As for Cohen’s Eighth Amendment claim regarding his solitary confinement, Liman found that the Supreme Court’s ruling in Carlson v. Green shut that door.
“Cohen’s Eighth Amendment claim centers on the conditions of his solitary confinement, which—although he claims ‘posed serious health risks’—did not result in him receiving inadequate medical care,” Liman wrote. “To the contrary, the complaint states that the conditions resulted in Cohen’s ‘blood pressure bec[oming] dangerously high resulting in severe headaches, shortness of breath, and anxiety requiring immediate medical attention,’ implying, if anything, that ‘immediate medical attention’ was provided to him.”
Judge Liman, however, appeared to signal regret about how those precedents mandated the failure of those claims.
“As such, Cohen’s Bivens claims must be dismissed,” Liman wrote. “Before doing so, however, this Court pauses to reiterate the profound violence this holding does to Cohen’s constitutional rights.
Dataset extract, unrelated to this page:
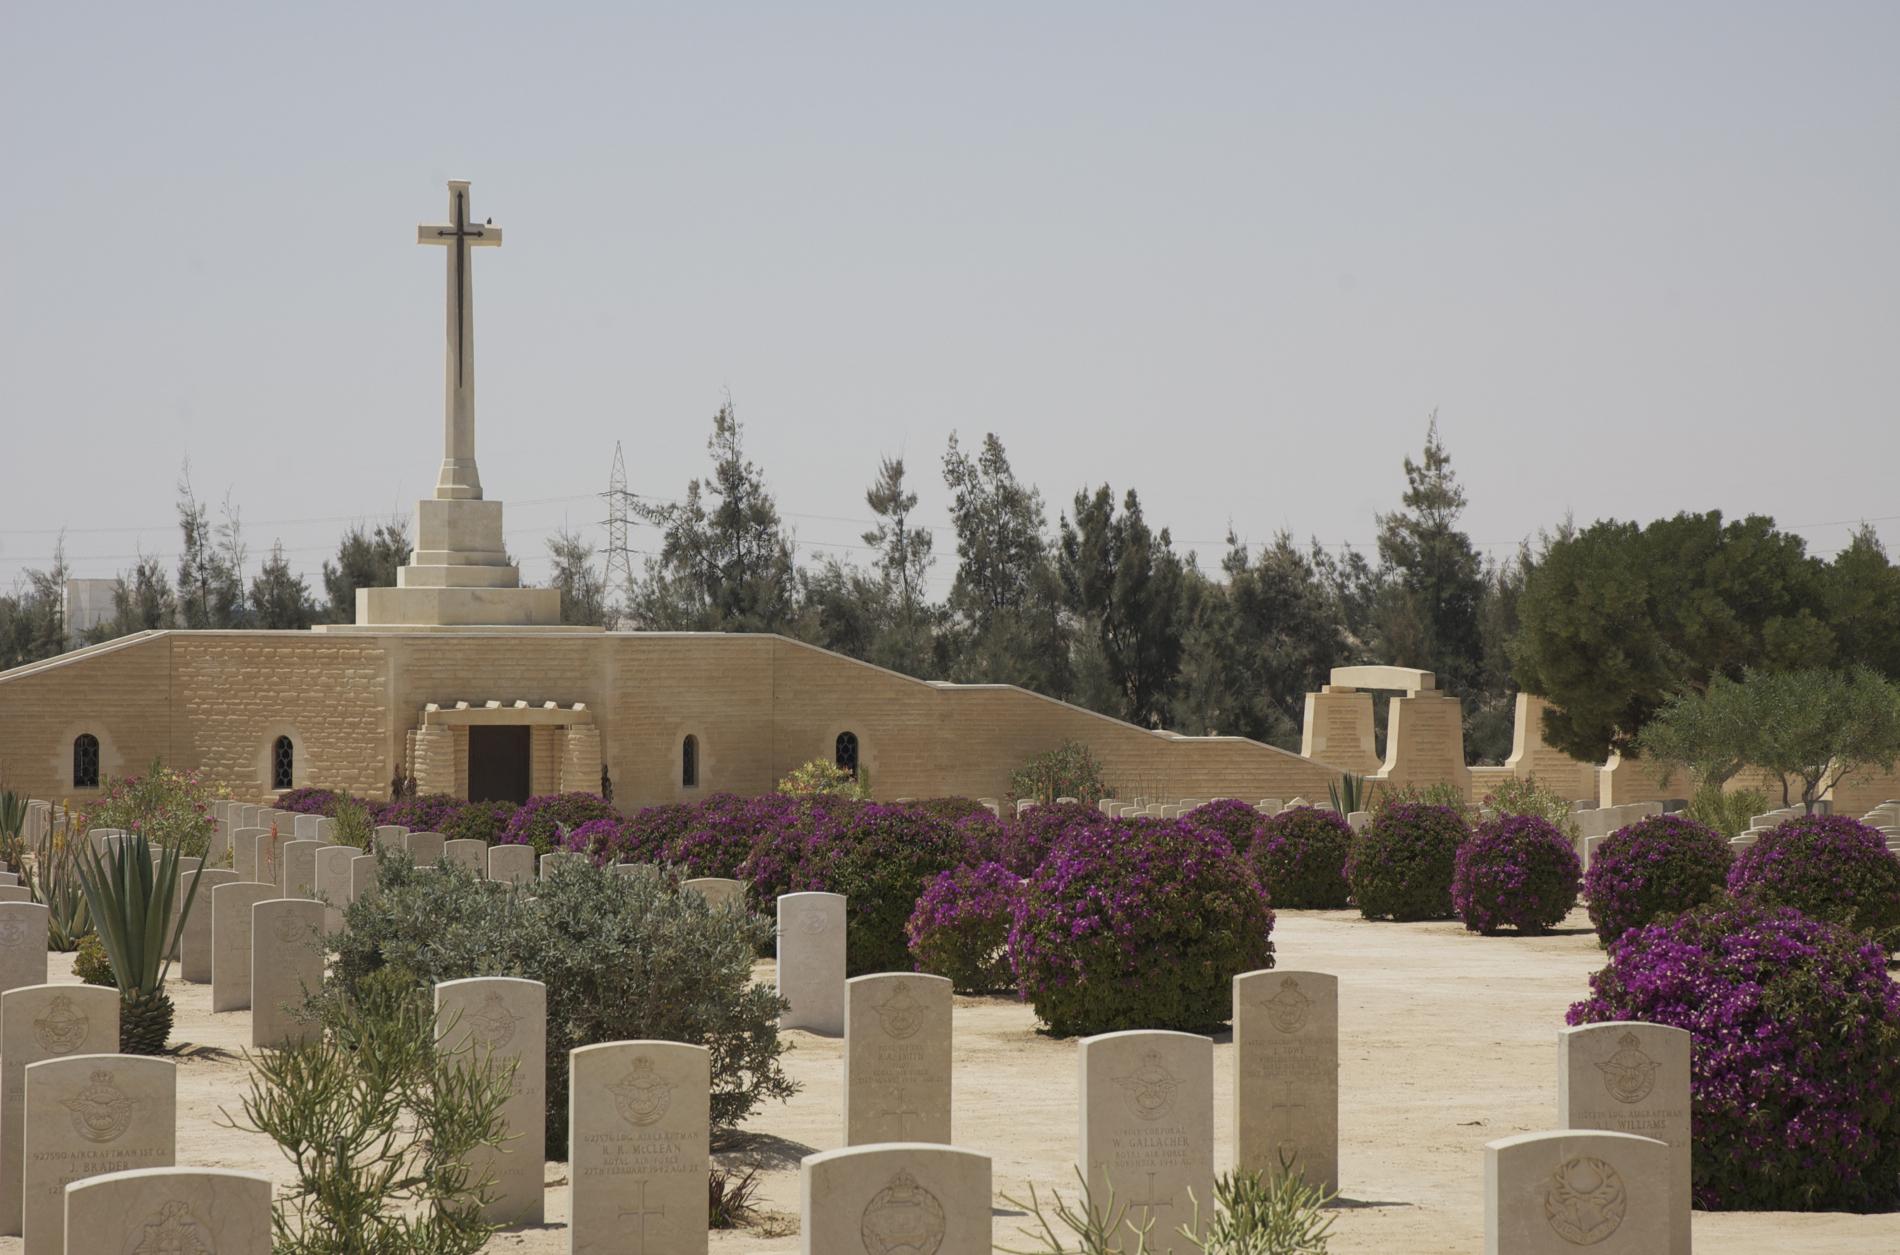 069_el_alamein_british_memorial_1
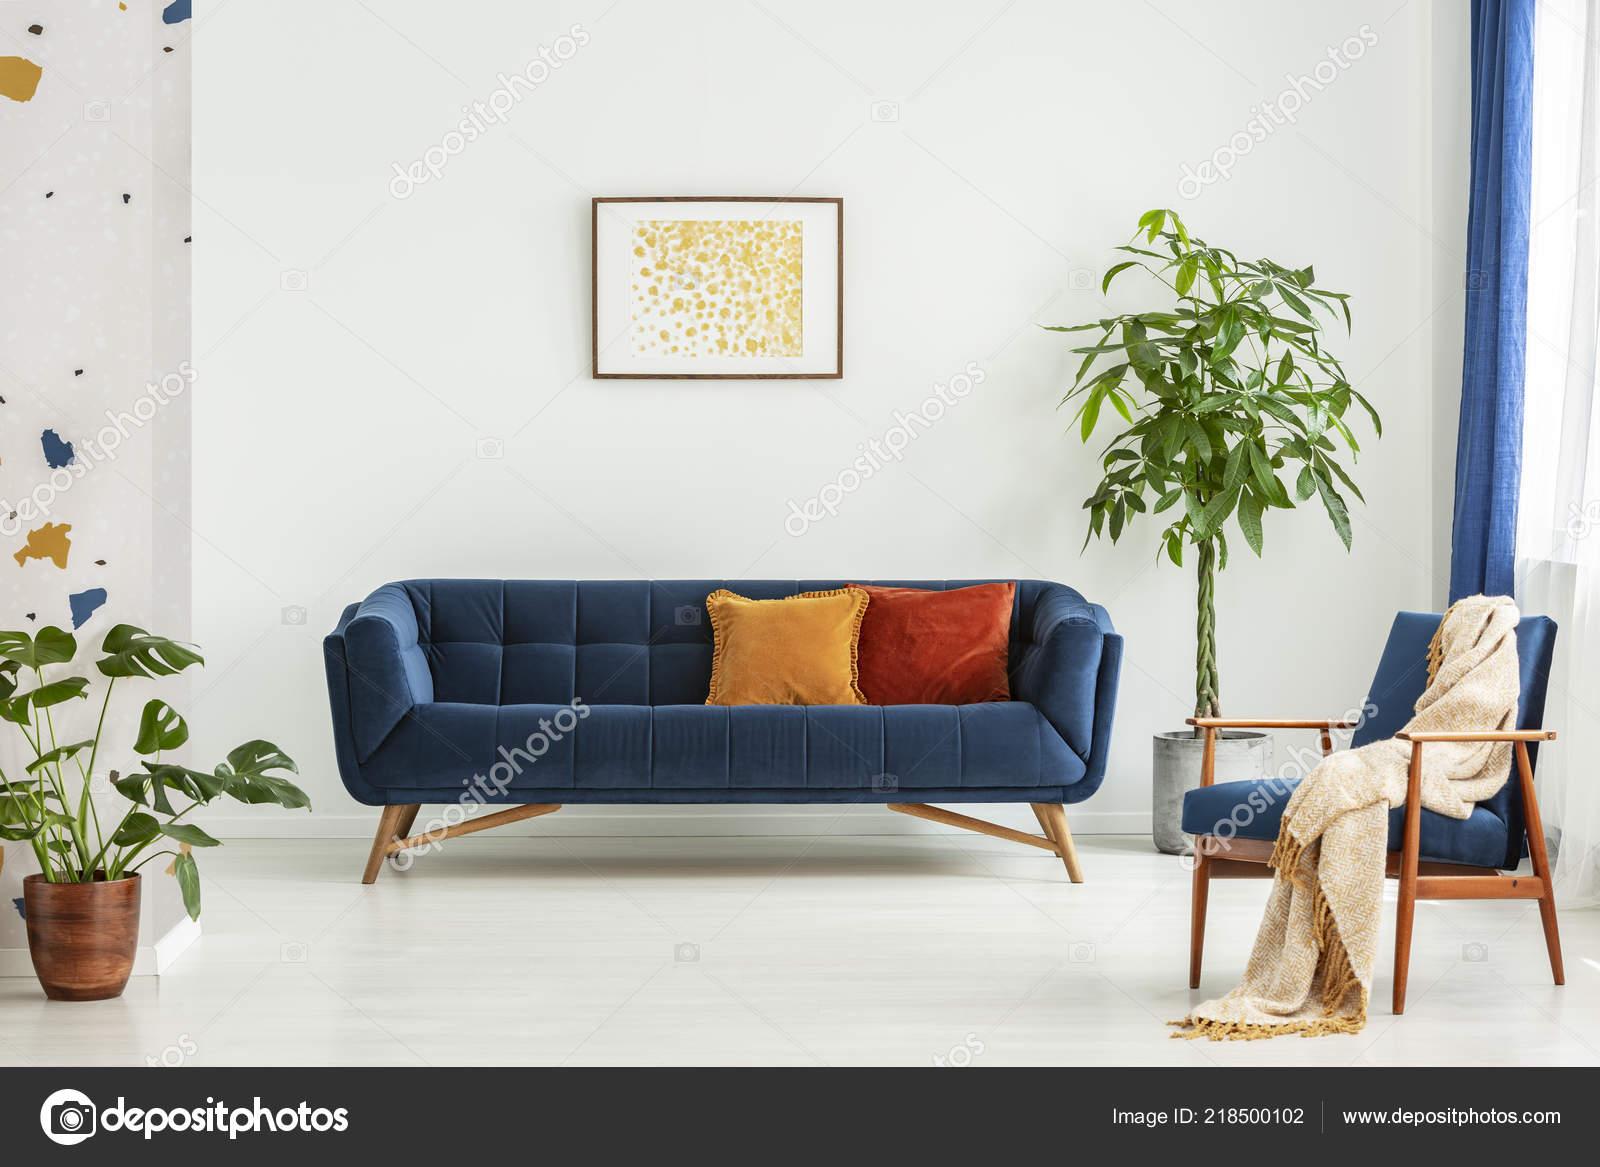 Marvelous Mid Century Modern Chair Blanket Large Sofa Colorful Ibusinesslaw Wood Chair Design Ideas Ibusinesslaworg

Cohen’s complaint alleges an egregious violation of constitutional rights by the executive branch—nothing short of the use of executive power to lock up the President’s political enemies for speaking critically of him. The Supreme Court’s precedents ensure that there is at best a partial remedy for the abuse of power and violation of rights against the perpetrators of those wrongs.”
Setting aside another set of allegations, Liman held that the U.S. government immune from Cohen’s lawsuit.
In a lengthy statement, Cohen told Law&Crime that he knew that despite Judge Hellerstein’s “crystal clear” retaliation findings, “I knew that the government would do everything in its power to deny my case so as to protect the institution.”
“Granting this motion prevents me from obtaining documents that would expose what happens when you have a corrupt president who weaponizes the DOJ through a complicit attorney general,” he wrote.
“I disagree with Judge Liman’s decision and believe he is simply wrong on both the Bivens claim as well as the FTCA claims,” he continued. “At every turn I have been silenced and derailed in my efforts to expose the unethical and unconstitutional tactics used against me by the previous administration. Despite all this, I will not be deterred in continuing my journey of speaking truth to power.”
Update on Nov. 15, 2022 at 2:44 p.m.: This story now includes Cohen’s comment.